With a lubricant content of 500 mg/m.sup.2 or less, the overcoat
layer disposed on the outermost layer of the laminated film becomes
unlikely to form a nonuniform coating or aggregates while being
applied, and cissing defects become unlikely to occur.
(4-3. Overcoat Layer Thickness)
[0092] Typically, the thickness of the overcoat layer of the
present invention is preferably 0.5 to 10 .mu.m, further preferably
0.8 to 8 .mu.m, particularly preferably 1.0 to 5 .mu.m. With an
overcoat layer thickness of 0.5 .mu.m or more, the polymer layer
does not easily deteriorate under a wet heat environment. With an
overcoat layer thickness of 10 .mu.m or less, the internal stress
during the application and drying of the overcoat layer itself can
remain low, and the desirable adhesion can be obtained.
(5. Laminated Film Producing Method)
[0093] A method for producing the laminated film of the present
invention includes forming a polymer layer on at least one surface
of a support, and forming an overcoat layer on the side of the
polymer layer opposite the side with the support. Preferably, the
formation of the polymer layer on the support is preceded by a
surface treatment of the support surface where the polymer layer is
to be formed.
(5-1. Polymer Layer Forming Method)
[0094] The polymer layer of the present invention may be formed by
using known methods such as coating and bonding. Preferably, the
polymer layer is formed on the support by coating.

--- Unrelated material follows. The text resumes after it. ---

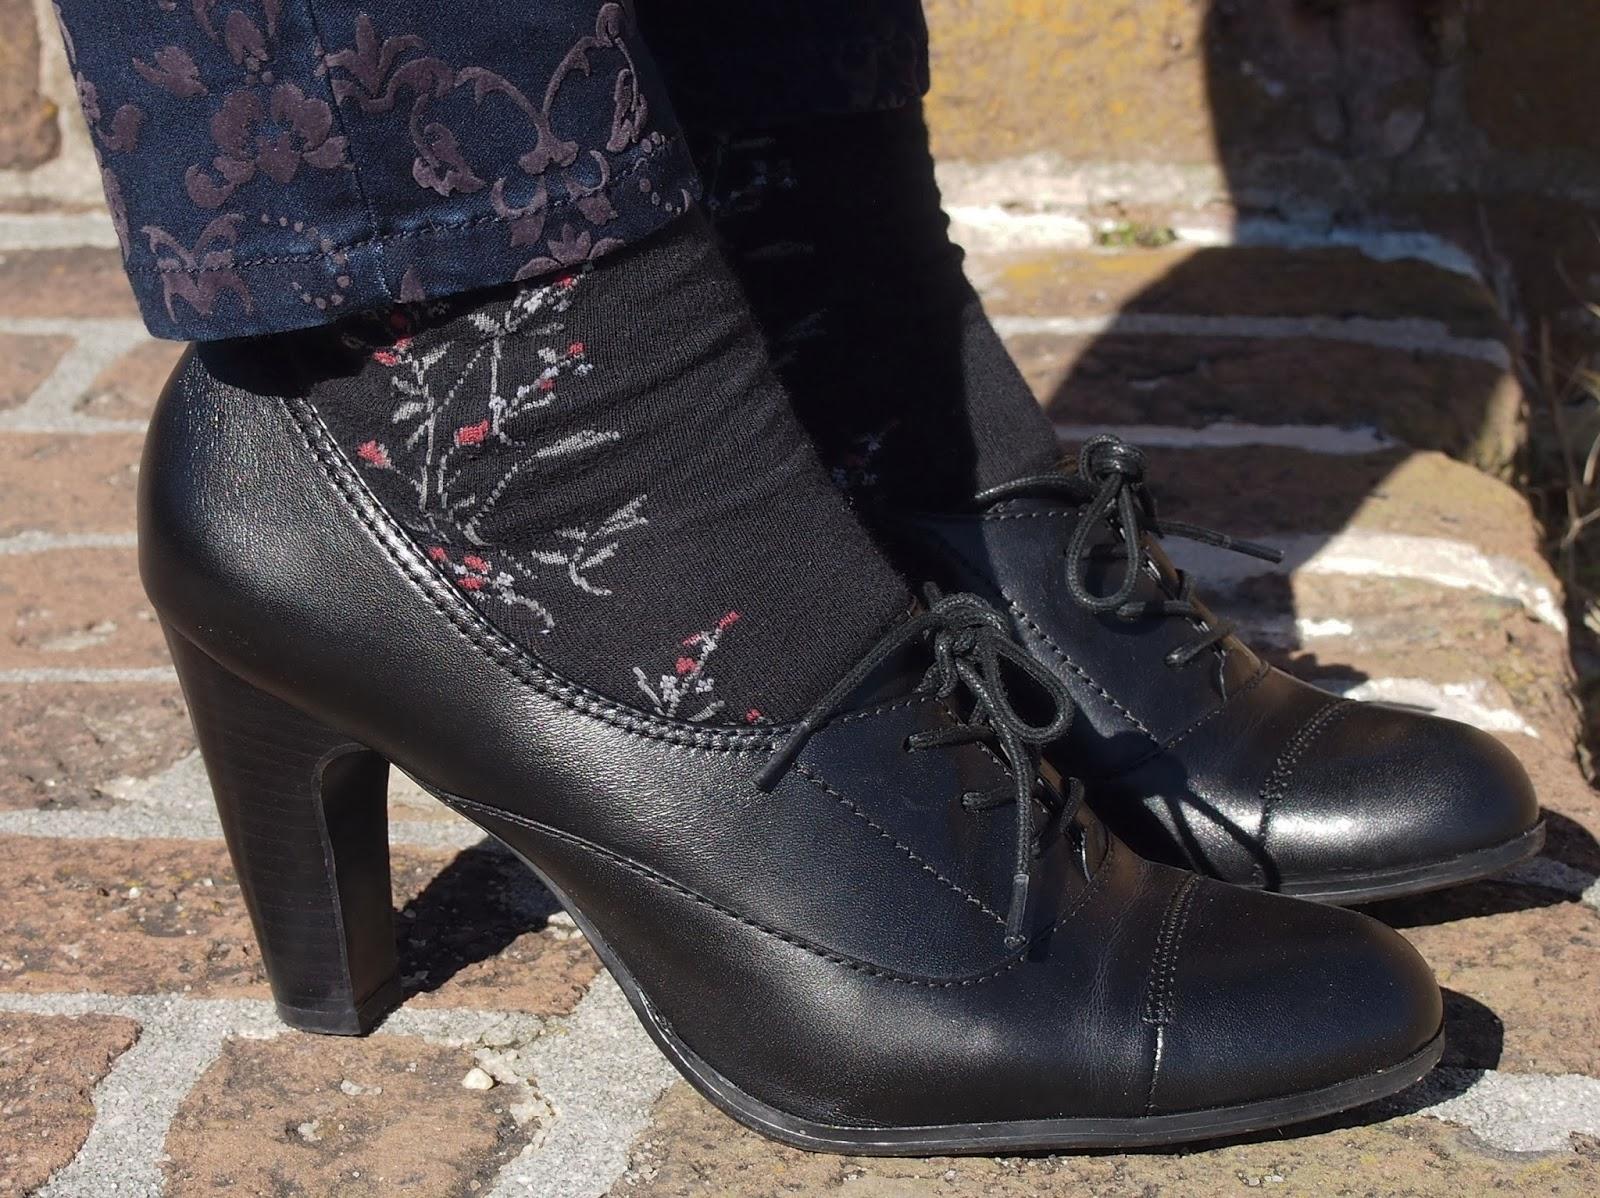 Adora le mie scarpe schiavo 7

[0095] Coating may be performed by using known coating techniques,
for example, such as gravure coating, and bar coating.
[0096] The coating solution may be an aqueous system using water as
the coating solvent, or a solvent system using an organic solvent
such as toluene, and methyl ethyl ketone. For environmental
friendliness, it is preferable to use water as solvent. The coating
solvent may be used alone or as a mixture of a water-miscible
organic solvent with water. Examples of preferred coating solvents
include water, water/ethyl alcohol=95/5 (mass ratio), and
water/methyl cellosolve=97/3 (mass ratio).

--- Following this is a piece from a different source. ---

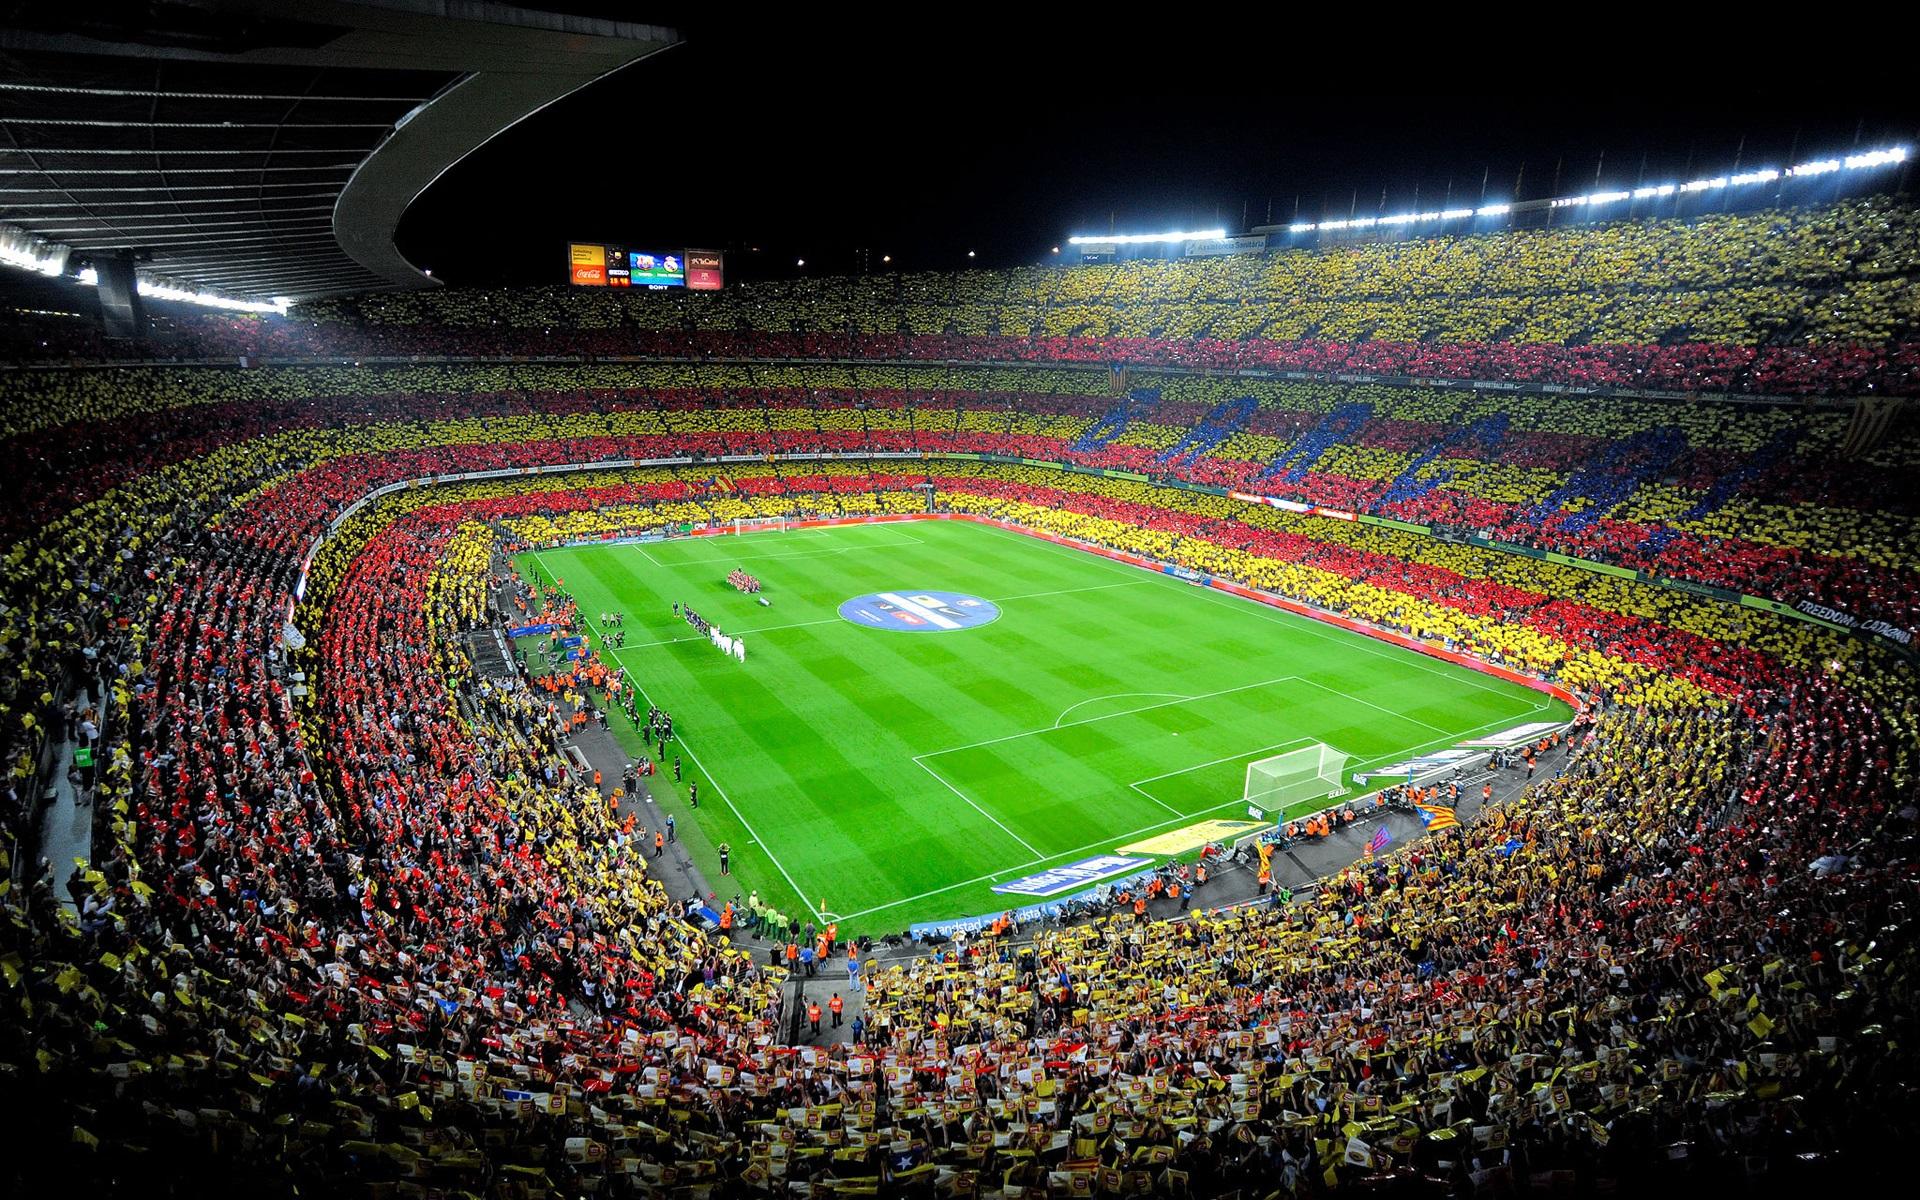 壁紙 カンプノウ スペイン バルセロナfc スポーツ フットボール

(5-2. Overcoat Layer Forming Method)
[0097] The overcoat layer of the present invention may be formed by
using known methods such as coating and bonding.

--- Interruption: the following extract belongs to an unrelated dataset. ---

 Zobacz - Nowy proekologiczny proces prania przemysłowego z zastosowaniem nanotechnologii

[0098] Coating may be performed by using known coating techniques,
for example, such as gravure coating, and bar coating. Preferably,
the overcoat layer is formed on the polymer layer by coating. The
coating methods and the coating solutions may be the same coating
methods and the coating solutions as those described above.
(5-3. Surface Treatment)
[0099] Preferably, the formation of the polymer layer on the
support is preceded by a surface treatment.
[0100] Examples of the surface treatment include a corona
treatment, an ultraviolet treatment (UV treatment), a flame
treatment, a low-pressure plasma treatment, an atmospheric plasma
treatment, a sandblast treatment, and a chromic acid mixture
treatment. The flame treatment may be performed according to
methods that involve addition of silane compounds, as described in
Japanese Patent No. 3893394 and JP-A-2007-39508. Preferred for
convenience and environmental friendliness are corona treatment,
flame treatment, atmospheric plasma treatment, and ultraviolet
treatment (UV treatment).
(Back Sheet for Solar Cell Modules)
[0101] The laminated film of the present invention may preferably
be used as a back sheet for solar cell modules.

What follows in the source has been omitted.